It has been a long time of grey. Grey skies, grey clouds, grey rain and grey snow. The sunshine is staying hidden behind the grey and it keeps its’ brightness for the heavens above. I can handle short periods of grey as long as they are punctuated periodically by cloudless, blue, shiny skies that would inspire Satan to ask God’s forgiveness. But this never ending, ceaseless onslaught of colorless days has me thinking of approaching that fallen angel for some time down under and I don’t mean Australia. To feel the heat of anything would be an improvement. To feel the heat of the sun as it shines suspended in a gravitational dance around our planet would be perfection. To have to squint in discomfort as the rays bounce off the road less travelled would be welcomed without reaching for sunglasses. To finally have an end to the long time of grey – this is my all consuming desire right now. This is what drives me to even consider a deal with the devil. This is the power that the sun has over the grey days that make time stand still and kills my soul slowly every day.

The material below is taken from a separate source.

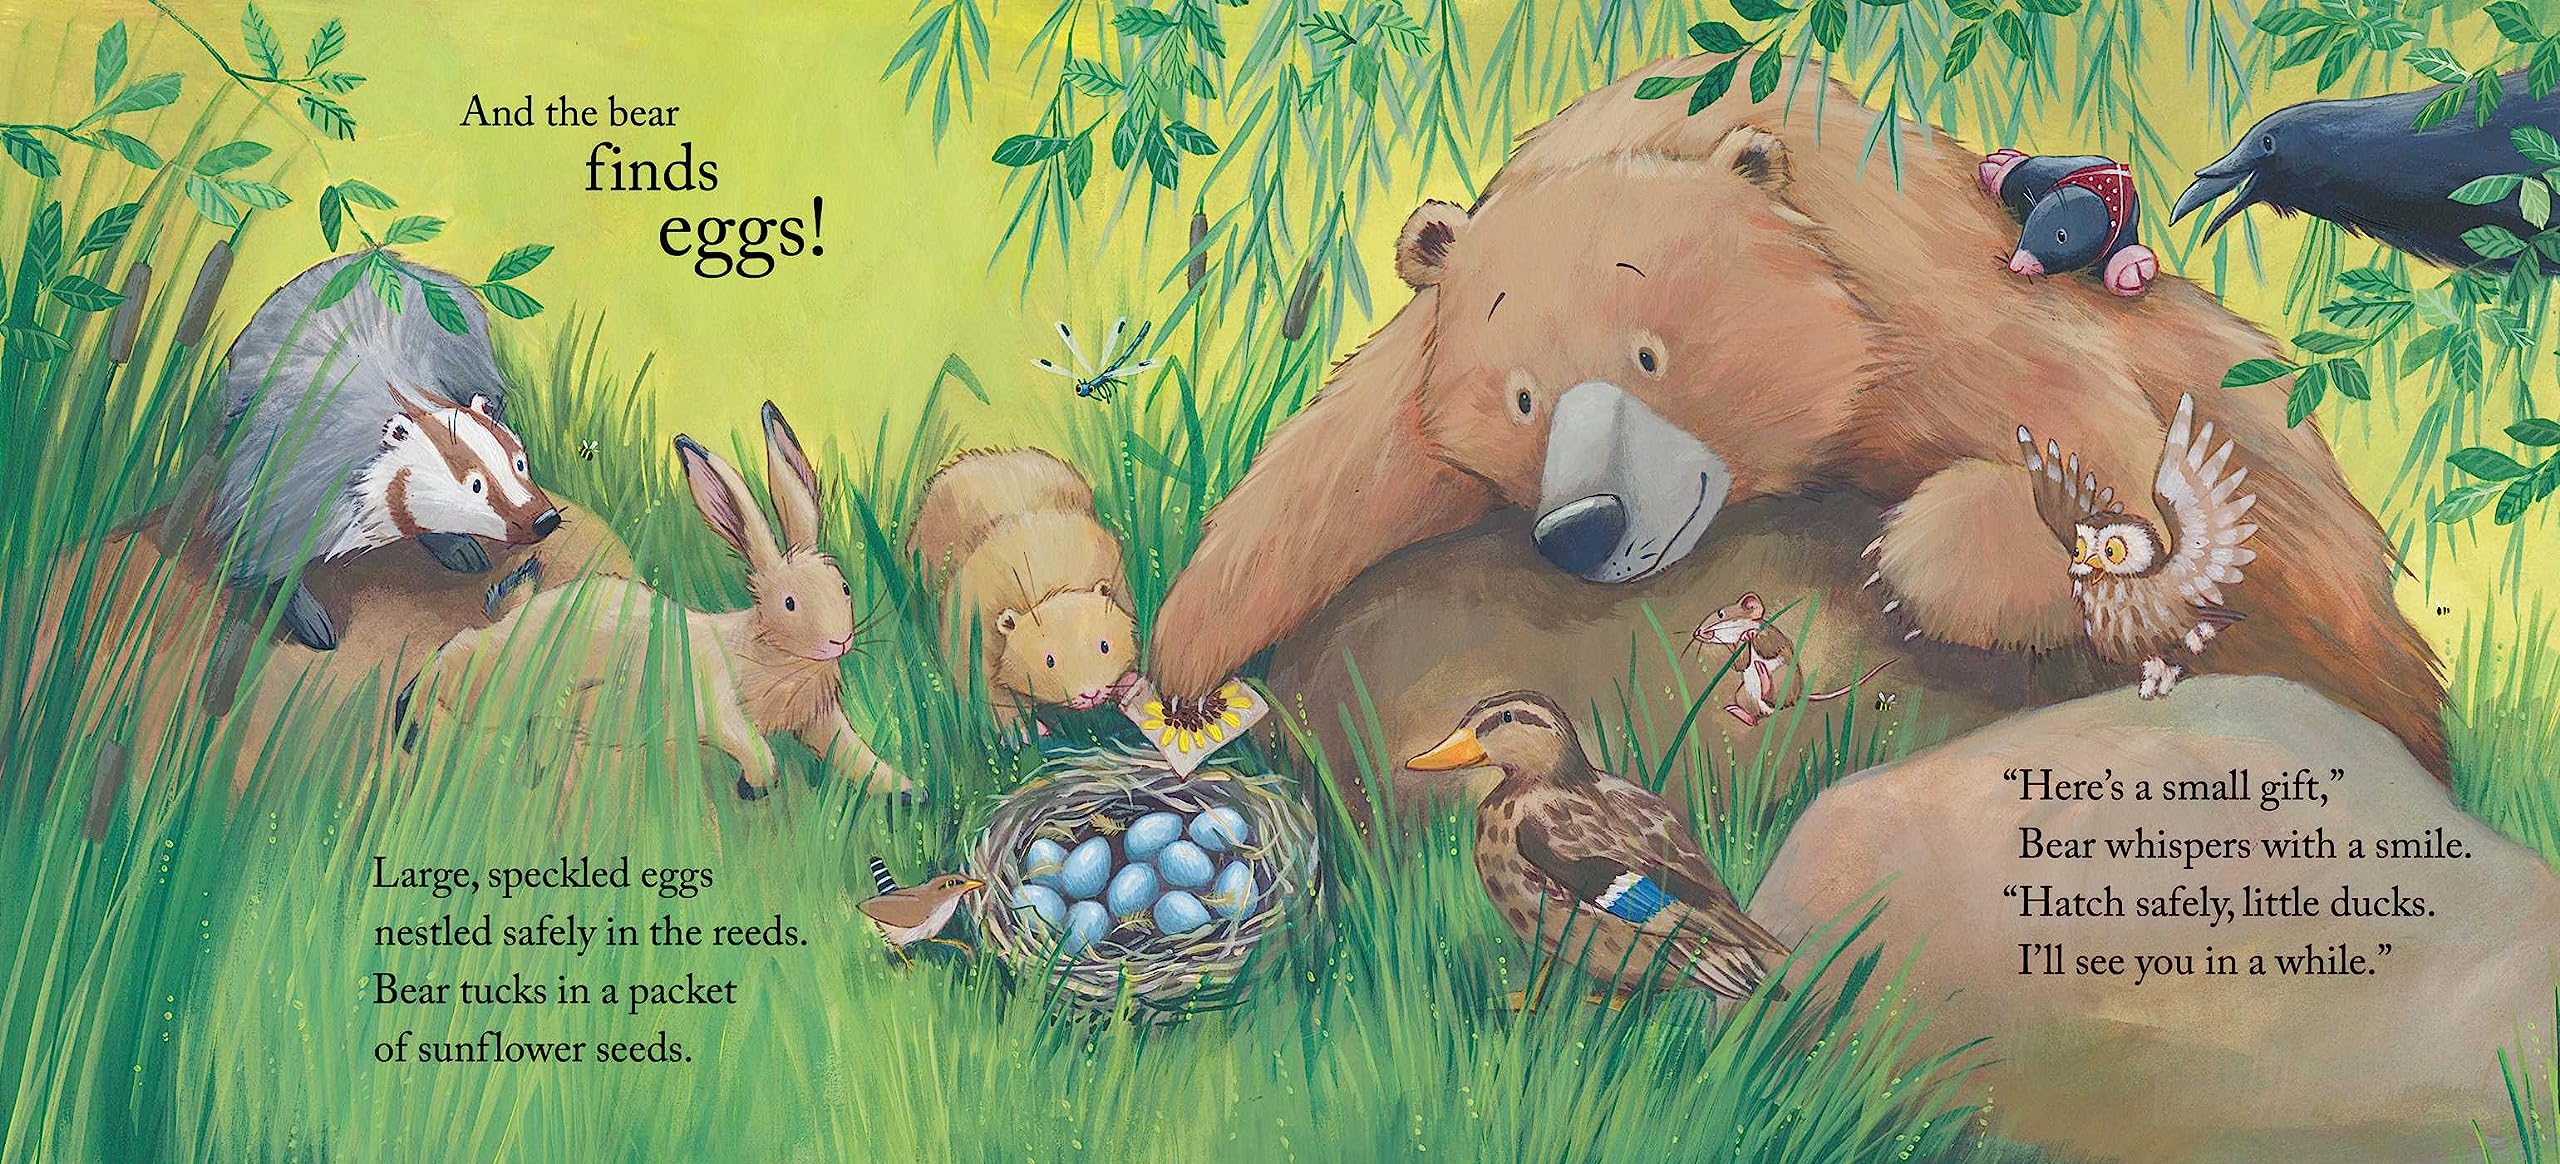 Bear Finds Eggs (The Bear Books)

I feel strung out by my winter’s hibernation. The feeling of sloth that over takes me in November is giving way to crabbiness, edginess, and discontent. My brain is hot and sweaty with cabin fever that threatens to send me into a seizure of anger and activity. PMS has nothing on the mood swings that March brings out in me. I can feel the vibration of the flowers and grass as they begin to wake up and push their way out of the earth that has been their protector all these months. The sap of the trees sings a melody to me as clear as if Mozart had woken up out of his own grey slumber and composed a maple symphony.
This movement, this energy, this itch in my soul will be solved with a simple solution: The soothing balm of the sun. The grey needs to go away. Whatever its’ purpose, whatever its’ goal, whatever it hoped to achieve is lost on me. Underneath my skin, in my deepest heart, the growing hatred of the grey seethes and gnaws at me. It forms a cloud over my eyes so that nothing is beautiful and spring will never be sprung again. The grey stretches out in front of me so much longer than the road I wish to travel on.
Once upon a time there was a rainbow that sparkled and danced and radiated joy as the sun shone upon it. To gaze at it was to see the hand of God using his palette to spread happiness to all. Grey was not in the rainbow for even God saw that grey is the absence of color, the absence of joy, the absence of happiness. He used the bright colors to break up the grey surrounding the rainbow, to signal the end of the storm, the end of the nothingness. I wait for the day when the rainbow will come again and banish the grey back to it’s nothingness place. I wait for the day that the clouds will lift and the world will be beautiful to me once more. I wait for the day where the time of grey will end and life will begin again dancing to a new song of color and light and joy.